There is no online service you can sign up for, not use for 10 or 15 years, and expect the sign-on system to be just like you left it. They are going to change things while you are gone. And if you had been using it all along, you would have gotten ample notification of those changes as they happened.
Like nearly everyone on Earth, I have a Google account. Which includes GMail. I don’t use my GMail address except as an emergency backup or for rare occasions where I really need two distinct addresses. About once every 6 months I clean out the inbox and look for any surprises.
But my browser & my Android are logged into my Google account pretty much 24/7/365. And every month or so a pop-up appears and says
Are you sure that [phone number] is still your valid phone number? Are you sure that [my other non-gmail email] is your valid account recovery email? If not, click here to update them.
It would take years, if not decades, of active neglect for me to get locked out of my Google account. The OP’s issue of “not trusting Google” seems nonsensical. It’s definitely counterproductive.
Switching gears …
In one sense, Google accounts are disposable. If you somehow manage to lock yourself out of one forever, just create a new one. if you lose access to one that is long dormant, that raises the question of why you want that account back so badly versus just creating a new one.

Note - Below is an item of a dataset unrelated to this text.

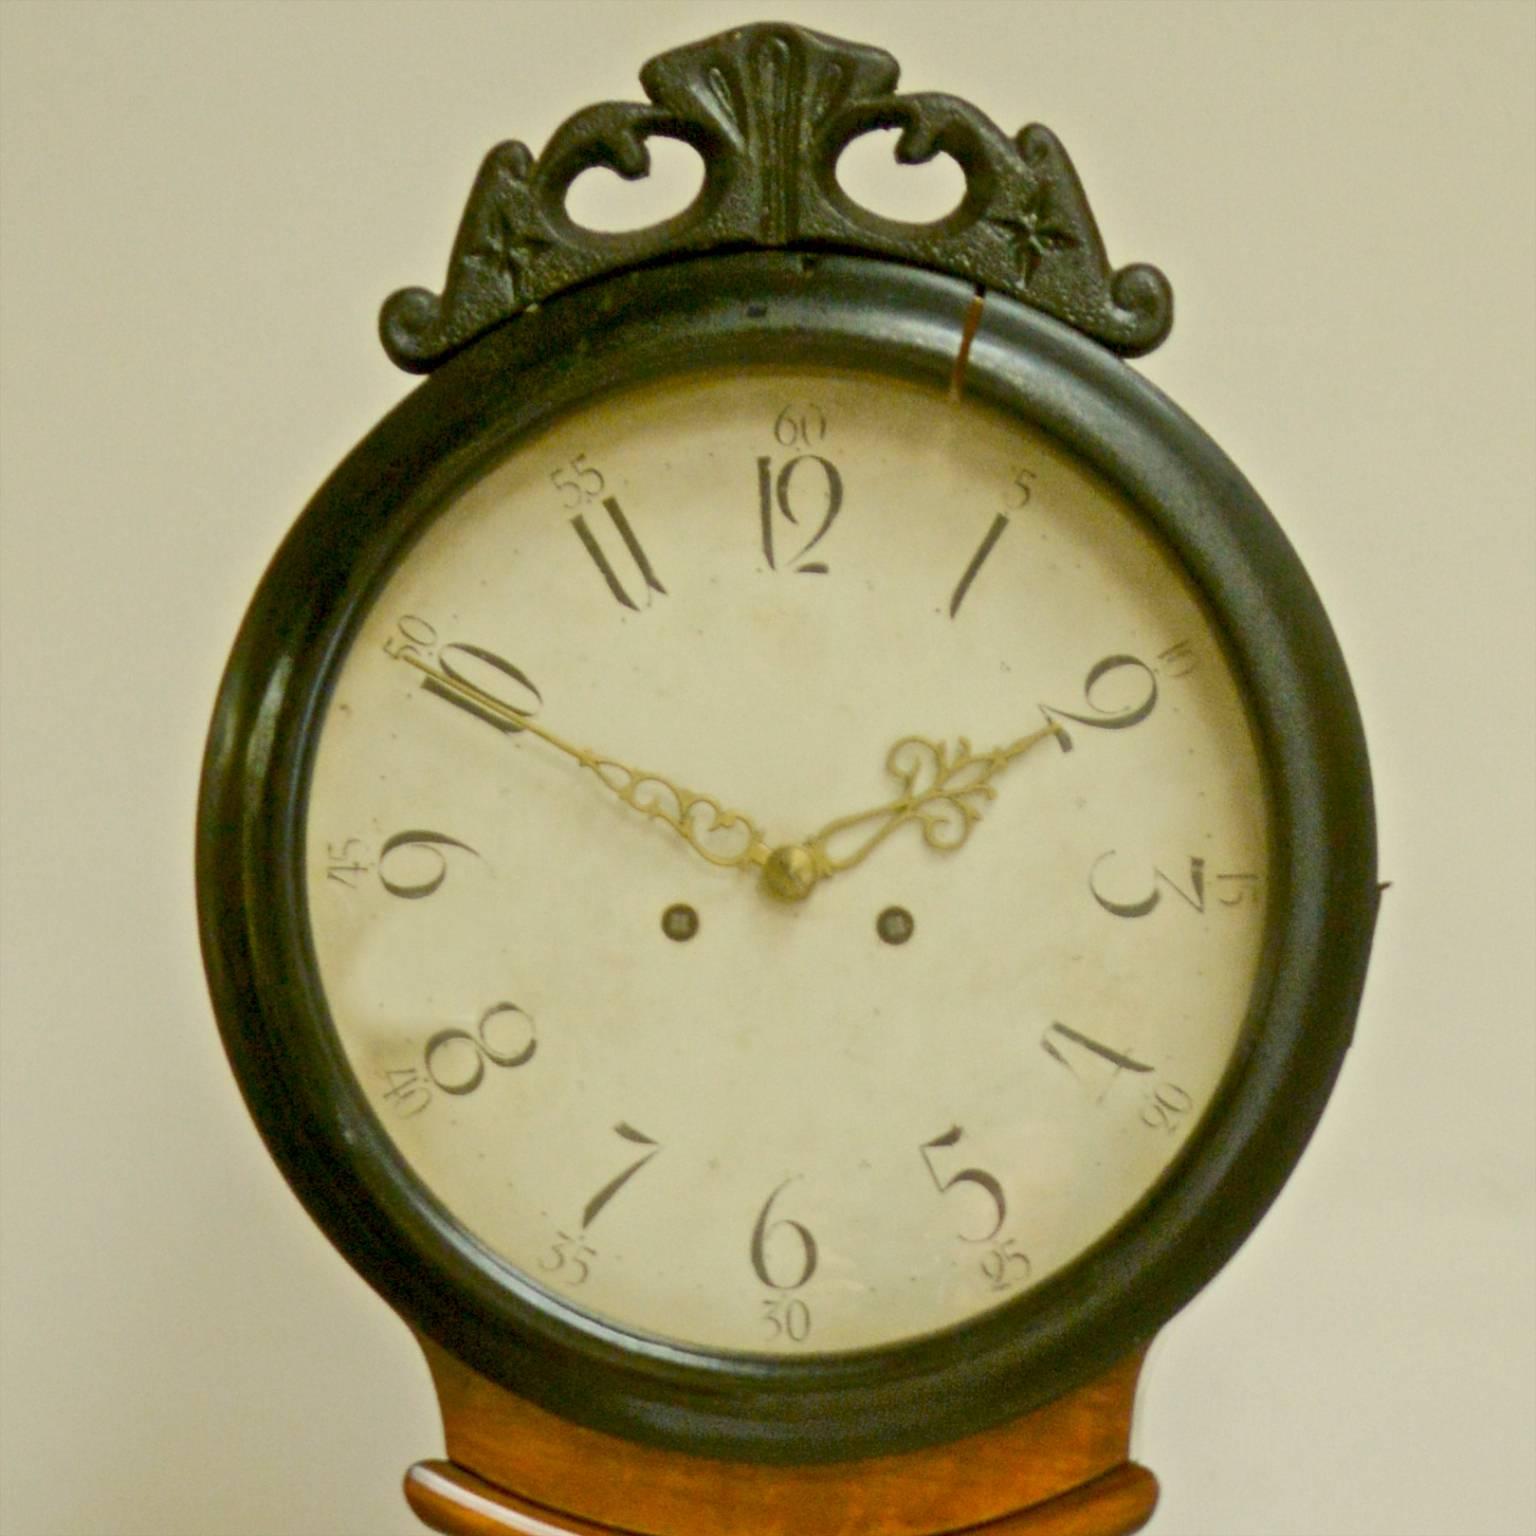 Rare example of a decorative 1800s antique Swedish mora clock in the Biedermeier style with ornate sunrise motif at the waist and ormolu style hood with stunning hand-carved detailing to the body. You very rarely find these clocks in this style or

An issue I do see that applies to all of us, not just the OP, is what I’ll call “the digital basement”. Most of us have an IRL basement, attic, shed, etc., full of old unused stuff and memorabilia. On a daily basis we don’t access it, but we know it’s there and it being there gives us comfort.
Once in a great while we want to look at or use a bit of that stuff, so we go hunting for it. If it’s lost or destroyed (water, mice, rot, etc.), that’s a sad thing. We’re content enough to store the stuff less than perfectly archivally, and we accept the possibility of loss of a bit of it even as we assume everything will always be available in pristine condition.
We’re each developing a similar digital basement on local hard drives, backup tapes, etc. and a similar online basement at various web-based or cloud-based services. Which basements we’d like to assume are perpetual. They’re not. e.g. Google isn’t going to lose your stuff. But they may lock you out of it if you try hard enough to lose your keys. So don’t do that.
Last point:
AIUI it is against the law to access any online account belonging to a dead person. Lots of people do it, but it’s a violation of one of the US’s anti-hacking laws.
I can say it’s 100% illegal to access the online financial logins of a dead person. If the bank or broker or whatever figures out it’s you, that will lock those logins and you will find all future IRL interactions with that institution will start from the assumption that you are a criminal trying to steal the decedent’s money. My late wife was an attorney in that area and it goes very badly for the innocent heirs who thought they were doing the right thing my logging onto dead granny’s bank account to see which bills needed paying.
But you’re not having trouble logging into your account. You’re having trouble logging in to someone else’s account. That’s by design. Make your own. You won’t have any problems and I promise they won’t arbitrarily decide to not give you access.
Other options are outlook.com; yahoo.com; hotmail.com; excite.com. Gmail and Outlook are your best options IMO.